Lars Karlsson, Viking and explorer at IU, discovers Shakespearean-related items in some of his favorite collections throughout IU Bloomington’s campus in honor of IU Theatre’s upcoming production of Macbeth (February 5-13 in the Wellz-Metz Theatre). He even donned his ruff collar for the pictures!
I was most honored by the invitation to be a guest writer for the Indiana University’s Department of Theatre, Drama, & Contemporary Dance’s blog! With their upcoming production of Macbeth and 2016 marking the 400th anniversary of Shakespeare’s death, I was inspired to voyage to some of my favorite repositories on the IU Bloomington campus to discover items related to the play and Shakespeare. My adventures led me to the IU Art Museum, IU Archives, Mathers Museum, Lilly Library, and William and Gayle Cook Music Library. I quickly learned that IU Bloomington is home to many interesting and important Shakespearean works. How lucky are we Hoosiers to have these materials at our very finger tips?!
My first stop was the magnificent Indiana University Art Museum, where I was warmly greeted by Jenny McComas, Class of 1949 Curator of European and American Art. She took me into the Gallery of the Art of the Western World (my favorite gallery!) on the first floor of the Art Museum, where I saw a captivating painting by Swiss painter, Henry Fuseli (1741-1825). Fuseli depicts a scene from Act 1, Scene 2 of Shakespeare’s The Tempest with Prospero, Caliban, and Miranda. Gert Schiff, a Fuseli scholar, believes this painting was the model for a book illustration.
Jenny said that the poses of Caliban, Prospero, and Miranda are real poses from 18th century acting manuals! She also thinks that Fuseli’s sympathetic portrayal of Caliban (a slave) is contemporary to the British government outlawing the slave trade in 1807. Jenny taught me so many interesting things about Fuseli’s work. Don’t miss out on experiencing this painting up-close and in person, friends; it’s breathtaking!
Henry Fuseli, Swiss, active England, 1741-1825. Prospero, Caliban, and Miranda in Shakespeare’s The Tempest Act 1, Scene 2, ca. 1806-10. Oil on Canvas. IU Art Museum.
I then went up to the third floor of the IU Art Museum to meet Nan Brewer, Lucienne M. Glaubinger Curator of works on paper. She took me to the viewing room and showed me the most splendid spread of Shakespearean-related works on paper I have ever seen! The portrait of Shakespeare with which I am pictured is an etching (ca. 1900) by William Harry Warren Bicknell (American, 1860-1947). Nan explained that this etching is based on the most famous portrait thought to depict William Shakespeare, which was painted between 1600 and 1610 by an unknown artist. It may have served as the model for the engraved portrait of Shakespeare in the First Folio, and you will see that in a moment! Did you know that you can request to see specific works of art in a viewing room at the Art Museum? The room is available M-F, 8:30 am – 4:45 pm, and you should give at least one week’s notice for scheduling.
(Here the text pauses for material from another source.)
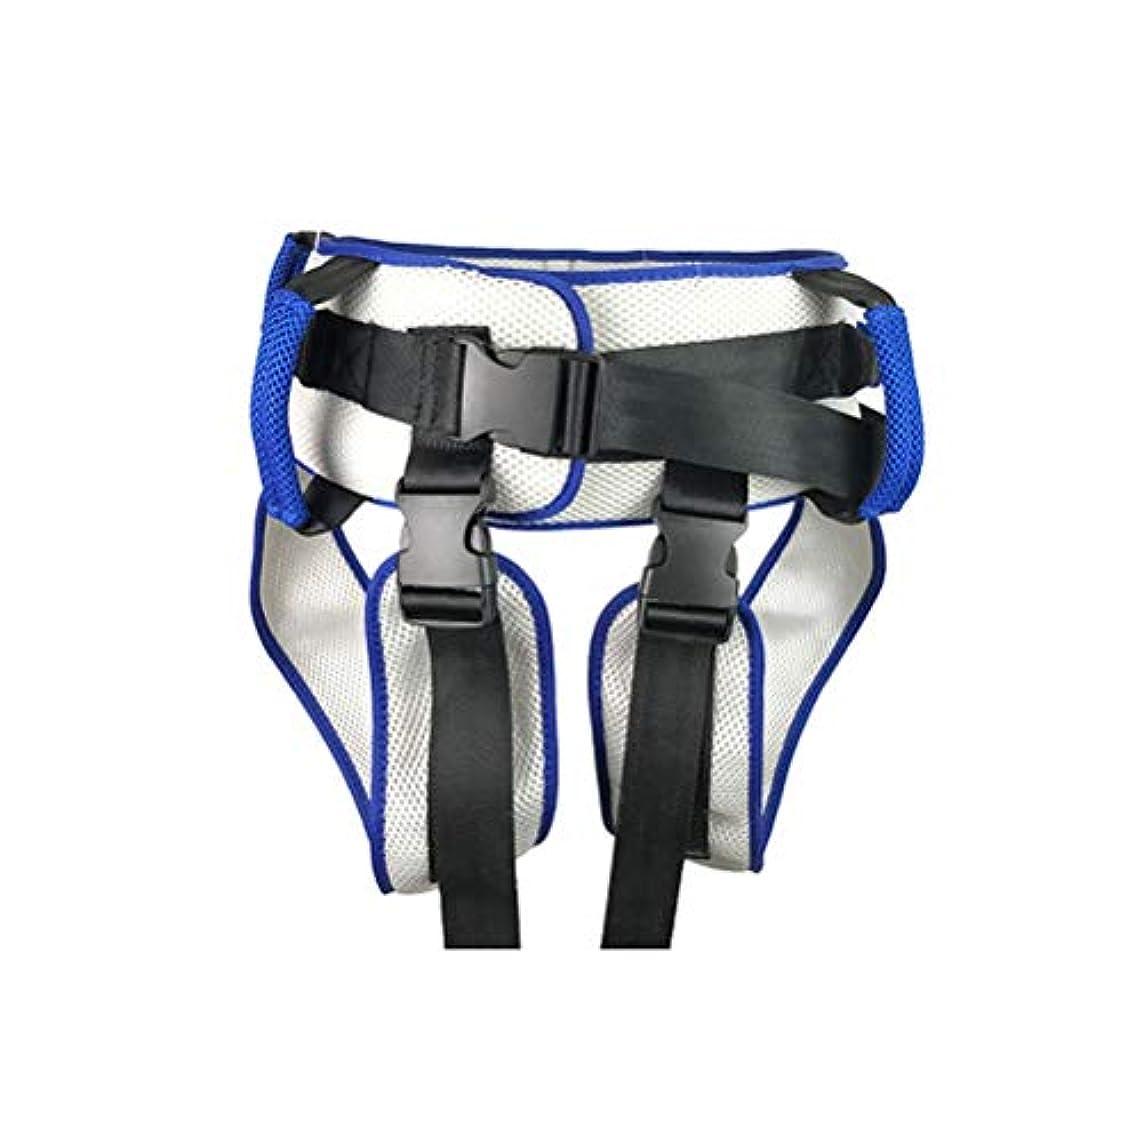 結び目観察するシロナガスクジラHEALLILY 足のループ付きHEALLILYトランスファーベルト患者補助トランスファースリングリハビリテーションベルト下肢歩行立ちトレーニング用具(青)

To learn more about accessing the collections, visit How To Use Our Collections or email Nan Brewer at firstname.lastname@example.org. To see more Shakespearean works on paper, be sure to click on the photo gallery at the end of this post!
William Harry Warren Bicknell, American, 1860-1947. William Shakespeare (after the Chandos Portrait), ca. 1900. Etching on paper. Morton and Marie Bradley Memorial Collection, IU Art Museum.
The Lilly Library was the next stop on my quest for Shakespearean items. I searched for William Shakespeare’s Macbeth in the IU Libraries online catalog, IUCAT and limited my search to only Lilly Library books. The Lilly has lots of books by and about Shakespeare and his play Macbeth, so I picked two of my favorite discoveries to share with you. I, of course, had to show you Macbeth in the First Folio.The First Folio was printed in 1623 in “folio” size and is the first collected edition of Shakespeare’s plays. Did you know the First Folio is the only source for 18 of the plays, and we have one that you can see and touch right here on campus?!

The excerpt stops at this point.